Leben und Wirken[Bearbeiten | Quelltext bearbeiten]

Müller wuchs in Hannover und Celle auf. Zur Schule ging er in Celle. Schon in frühen Schuljahren galten seine Interessen der Architektur, der Musik und der Geschichte. Demgegenüber standen seine Defizite im Sport und damit einhergehend sein distanziertes Verhältnis zum militärischen Drill und dem Nationalsozialismus.

Nach dem Abitur 1942 wurde Müller zur Wehrmacht eingezogen und kehrte Ende 1943 aus der Sowjetunion nach Deutschland zurück. Danach nahm er das Chemiestudium an der Universität Göttingen auf, das er aber erst 1947 fortsetzen konnte und 1955 mit dem Diplom abschloss. Ein Jahr später promovierte Müller dort mit einer Arbeit zur Photochemie zum Dr. rer. nat. unter Professor Günther Otto Schenck (1913–2003).[1] Müller beeindruckten besonders die glänzenden Vorlesungen von Robert Wichard Pohl (1884–1976), Professor für Experimentalphysik und einer der Begründer der Festkörperphysik. Pohls ästhetische Darstellungskunst physikalischer Gesetze fiel bei Werner Müller auf fruchtbaren Boden und sollte sich später auf völlig anderen Wissensgebieten entfalten. Von 1956 bis 1988 wirkte er in verschiedenen Bereichen des Ludwigshafener Werks der BASF als Chemiker.

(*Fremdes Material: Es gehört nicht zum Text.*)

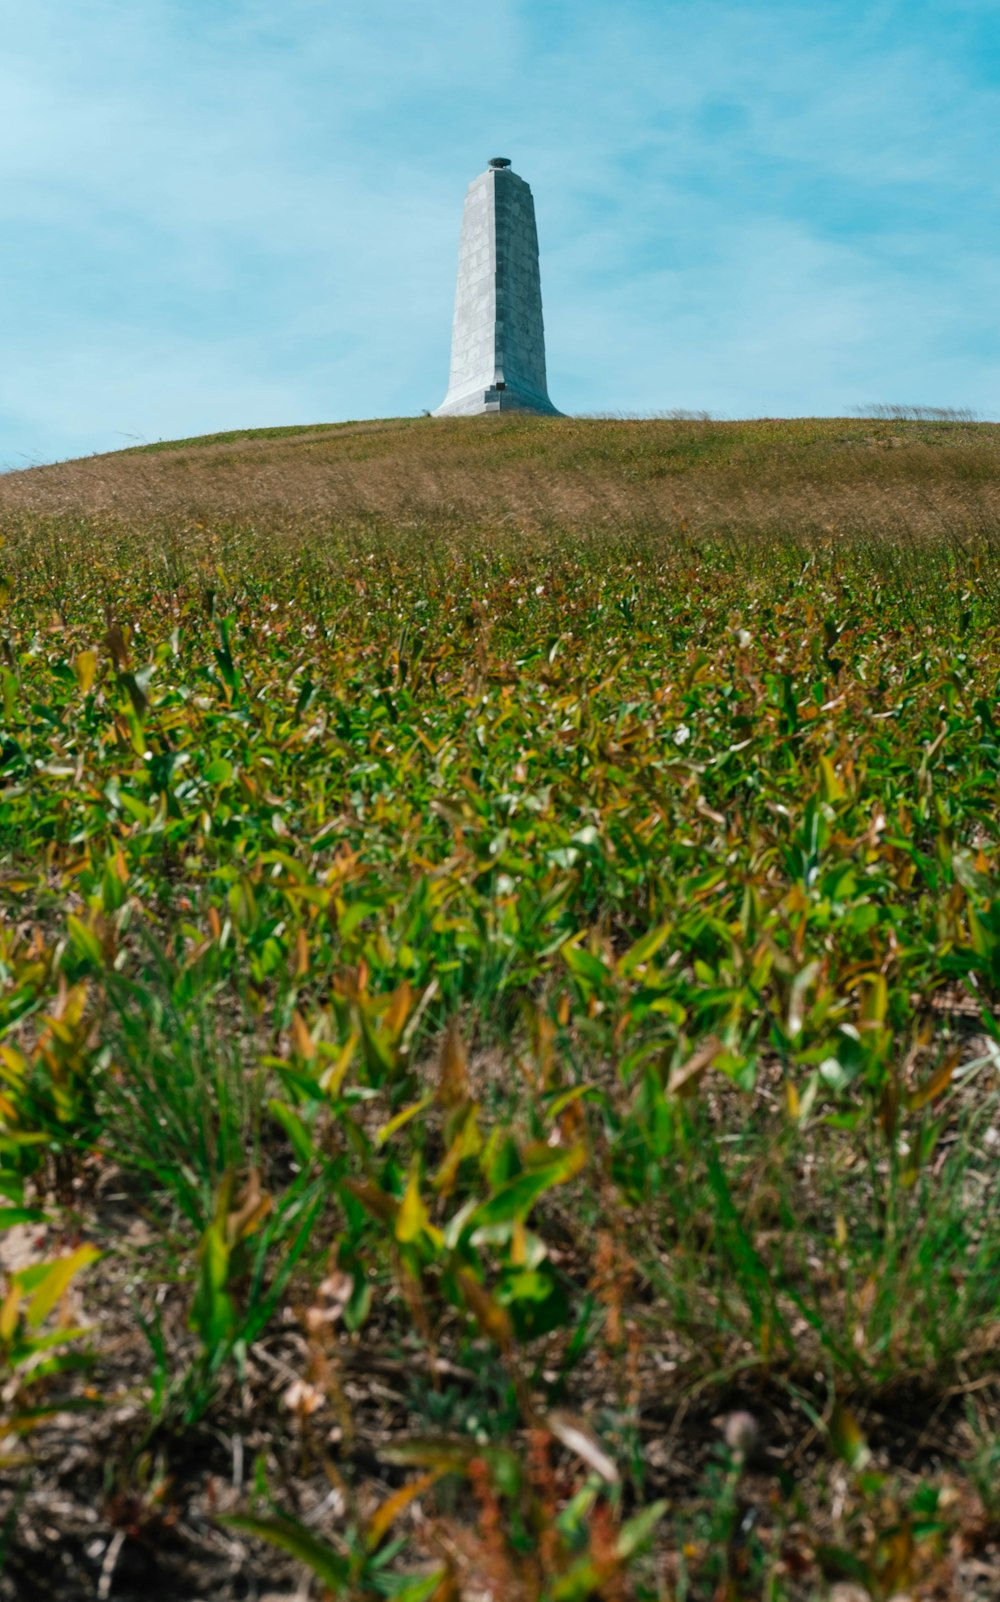 a grassy field with a tall tower on top of it

1966 starb nach langer Krankheit Müllers Ehefrau, was für ihn und seine beiden Kinder einen tiefen Einschnitt in deren Leben zur Folge hatte und seiner Forschungstätigkeit zunächst praktisch ein Ende setzte. Erst 1968, nach seiner Heirat mit Annemarie Kleine, veröffentlichte er seinen ersten Aufsatz zur Geschichte der Stereotomie,[2] den man als zweiten Start seines Forscherlebens auf dem Gebiet der Technik- und Kunstgeschichte bezeichnen kann.

In den 1970er und 1980er Jahren publizierte er zahlreiche Beiträge zu technischen und ästhetischen Fragestellungen der Spätgotik in Zeitschriften und Jahrbüchern der Baugeschichte, Technikgeschichte, Kunstgeschichte und Denkmalpflege. Mit dem Kunsterzieher und Maler Gunther Vogel veröffentlichte Werner Müller 1974 die erste Auflage des zweibändigen „dtv-Atlas zur Baukunst“,[3] der zahlreiche Auflagen erlebte und zum Bestseller wurde. Eine einzigartige Syntheseleistung von Technik-, Wissenschafts- und Kunstgeschichte gelang Werner Müller mit seiner 1990 veröffentlichten Monografie „Grundlagen gotischer Bautechnik“[4]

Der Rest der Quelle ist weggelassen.